**YOUR OBJECTIVE**
The material below should be copied line for line, please, with pictures omitted.

**DATASET EXTRACT**
>>

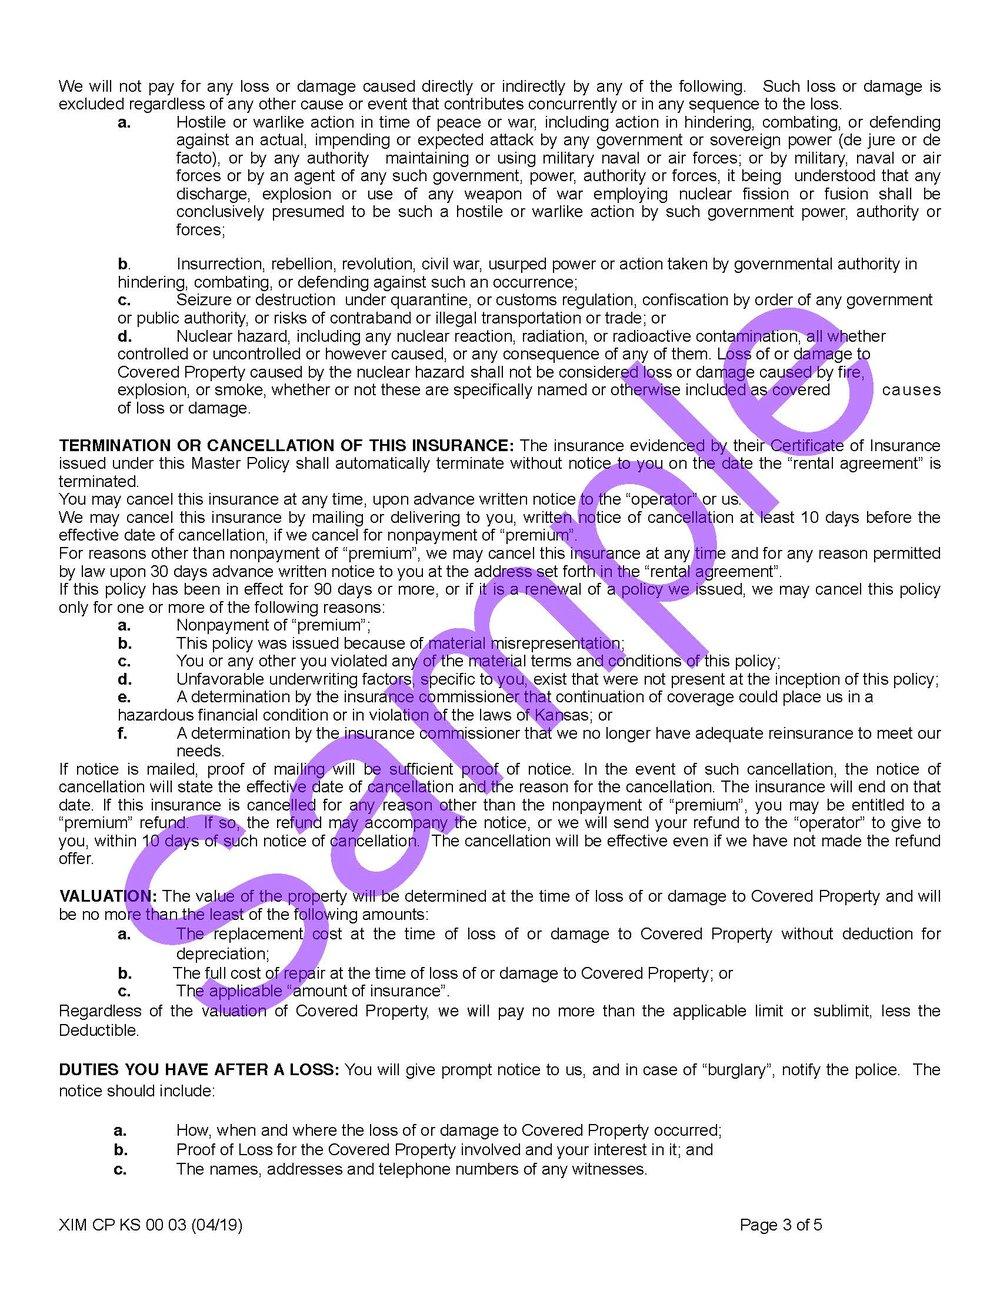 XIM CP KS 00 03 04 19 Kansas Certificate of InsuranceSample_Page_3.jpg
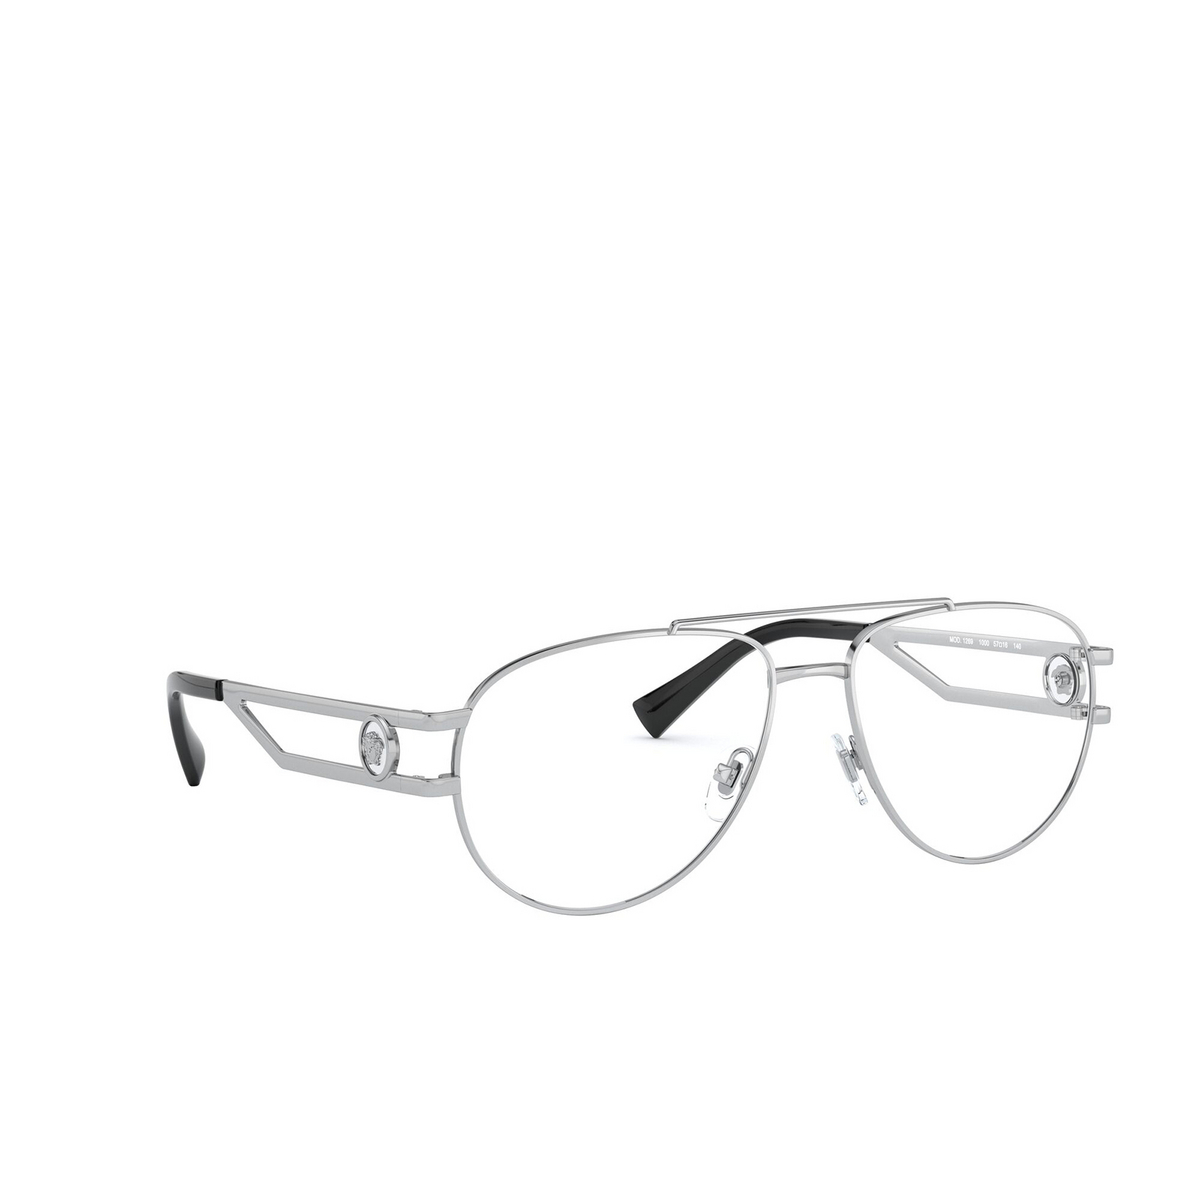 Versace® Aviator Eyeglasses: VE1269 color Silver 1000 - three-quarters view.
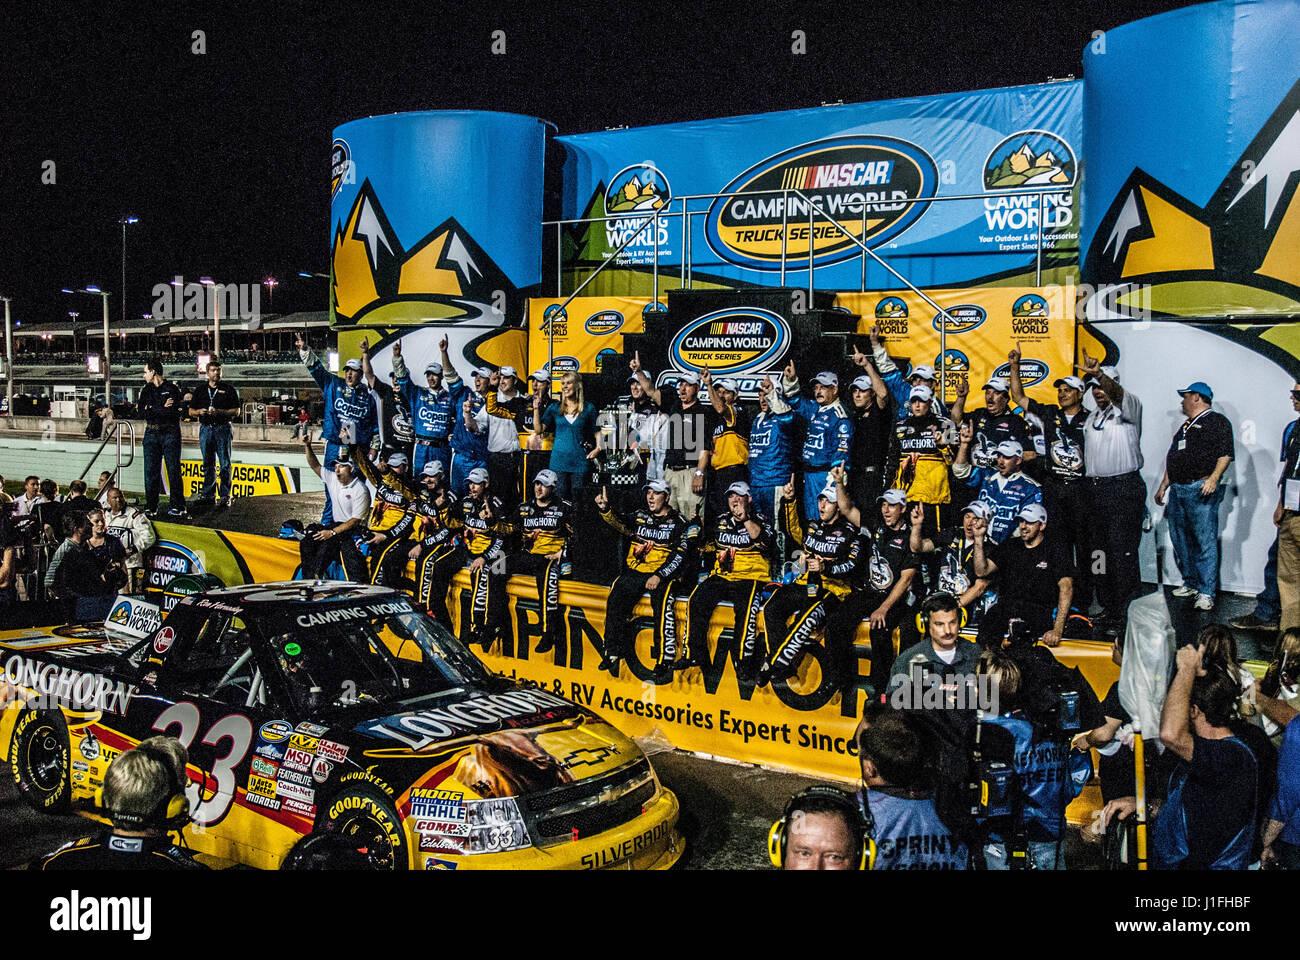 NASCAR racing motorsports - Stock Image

<<

**ANSWER SECTION**
 XIM CP KS 00 03 04 19 Kansas Certificate of InsuranceSample_Page_3.jpg
 Versace® Aviator Eyeglasses: VE1269 color Silver 1000 - three-quarters view.
 NASCAR racing motorsports - Stock Image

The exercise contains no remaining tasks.